S2:驅動訊號 S2: drive signal

S110~S140:步驟 S110~S140: Steps

SDC:比制震能 SDC: Than the shock energy

S t :抗拉強度 S t : Tensile strength

SP1:間隔 SP1: Interval

T1:厚度 T1: thickness

W1:寬度 W1: width

ω:工作頻率 ω : operating frequency

ω n :系統自然共振頻率 ω n : natural resonance frequency of the system

ω n.B :最佳系統自然共振頻率 ω nB : best system natural resonance frequency

第1圖繪示依照本揭露一實施例之夾持系統的俯視圖。 FIG. 1 illustrates a top view of a clamping system according to an embodiment of the present disclosure.

第2圖係繪示第1圖之夾持系統100的夾持控制方法的流程圖。 FIG. 2 is a flowchart illustrating the clamping control method of the clamping system 100 of FIG. 1.

第3圖繪示第1圖之第一抵接件形變與第二抵接件形變的示意圖。 FIG. 3 is a schematic diagram illustrating the deformation of the first abutting member and the deformation of the second abutting member of FIG. 1.

第4圖繪示應用本揭露實施例之夾持系統的切削位置與系統自然共振頻率的關係圖。 FIG. 4 is a graph showing the relationship between the cutting position of the clamping system and the natural resonance frequency of the system using the disclosed embodiment.

第5圖繪示第1圖之夾持裝置的示意圖。 FIG. 5 is a schematic diagram of the clamping device of FIG. 1.

第6圖繪示第1圖之夾持裝置的俯視圖。 FIG. 6 is a top view of the clamping device of FIG. 1.

第7圖繪示依照本揭露另一實施例之夾持裝置的俯視圖。 FIG. 7 shows a top view of a clamping device according to another embodiment of the present disclosure.

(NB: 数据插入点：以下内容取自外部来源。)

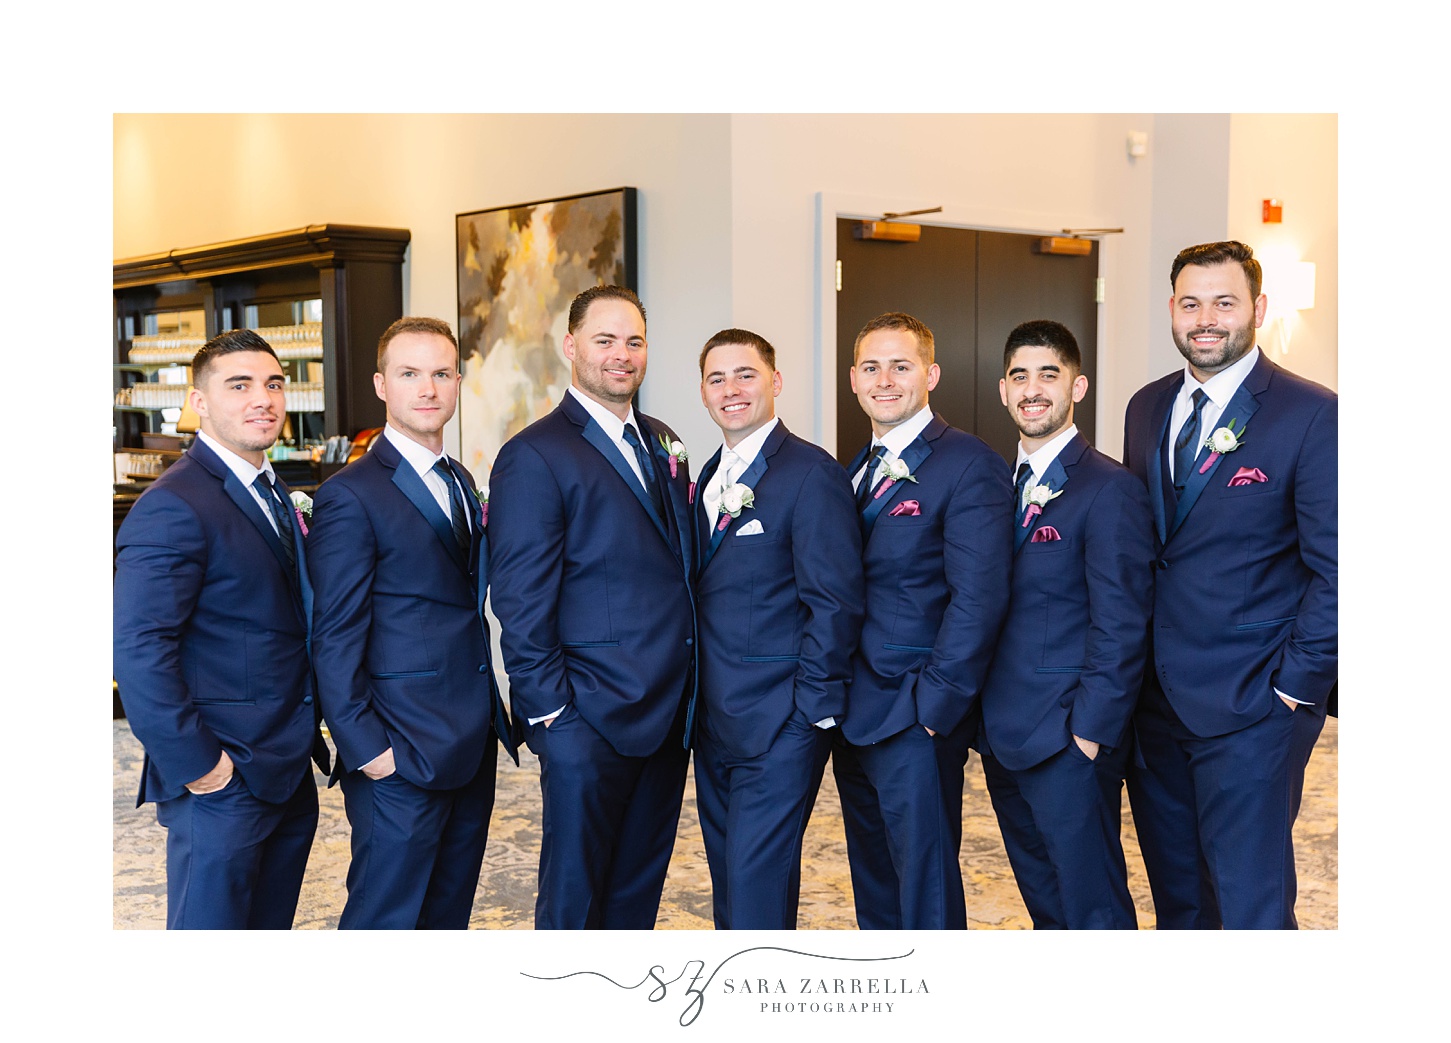 groom and groomsmen pose in navy suits

第8圖繪示依照本揭露另一實施例之夾持裝置的俯視圖。 FIG. 8 shows a top view of a clamping device according to another embodiment of the present disclosure.

請參照第1圖,其繪示依照本揭露一實施例之夾持系統100的俯視圖。夾持系統100包括夾持裝置110、感測器120、處理器130、放大器140及資料擷取器(Data acquisition,DAQ)150。資料擷取器150電性連接感測器120、處理器130及放大器140,以收集及/或傳輸此些元件之間的訊號。處理器130及放大器140例如是採用半導體製程形成的電路結構(circuit)。資料擷取器150例如是一實體機器,其包含至少一收集且/或處理資料的電路結構。 Please refer to FIG. 1, which illustrates a top view of a clamping system 100 according to an embodiment of the present disclosure. The clamping system 100 includes a clamping device 110, a sensor 120, a processor 130, an amplifier 140, and a data acquisition (DAQ) 150. The data extractor 150 is electrically connected to the sensor 120, the processor 130 and the amplifier 140 to collect and/or transmit signals between these components. The processor 130 and the amplifier 140 are, for example, a circuit structure formed by a semiconductor manufacturing process. The data extractor 150 is, for example, a physical machine, which includes at least one circuit structure for collecting and/or processing data.

夾持裝置110用以安裝在工具機10上且用以夾持工件20。夾持裝置110包括至少一第一夾持器111及至少一第二夾持 器112。工具機10至少包含平台11、刀具12、第一夾座113a及第二夾座113b。第一夾座113a及第二夾座113b可安裝在平台11上。第一夾座113a及第二夾座113b可相對移動,以夾緊工件20或釋放工件20。此外,工具機10的第一夾座113a、第二夾座113b、夾持裝置110與工件20可構成一工具機系統10’,然視實際情況而定,工具機系統10’可更包含平台11的至少一部分,或更包含平台11的至少一部分與工具機10的其它部分。 The clamping device 110 is used for mounting on the machine tool 10 and for clamping the workpiece 20. The clamping device 110 includes at least one first holder 111 and at least one second clamping 器112. The machine tool 10 at least includes a platform 11, a cutter 12, a first clamping base 113a and a second clamping base 113b. The first clamping base 113a and the second clamping base 113b can be installed on the platform 11. The first clamping base 113a and the second clamping base 113b can move relatively to clamp the workpiece 20 or release the workpiece 20. In addition, the first clamping base 113a, the second clamping base 113b, the clamping device 110 and the workpiece 20 of the machine tool 10 may constitute a machine tool system 10', but depending on the actual situation, the machine tool system 10' may further include a platform At least a part of 11, or more at least a part of the platform 11 and other parts of the machine tool 10.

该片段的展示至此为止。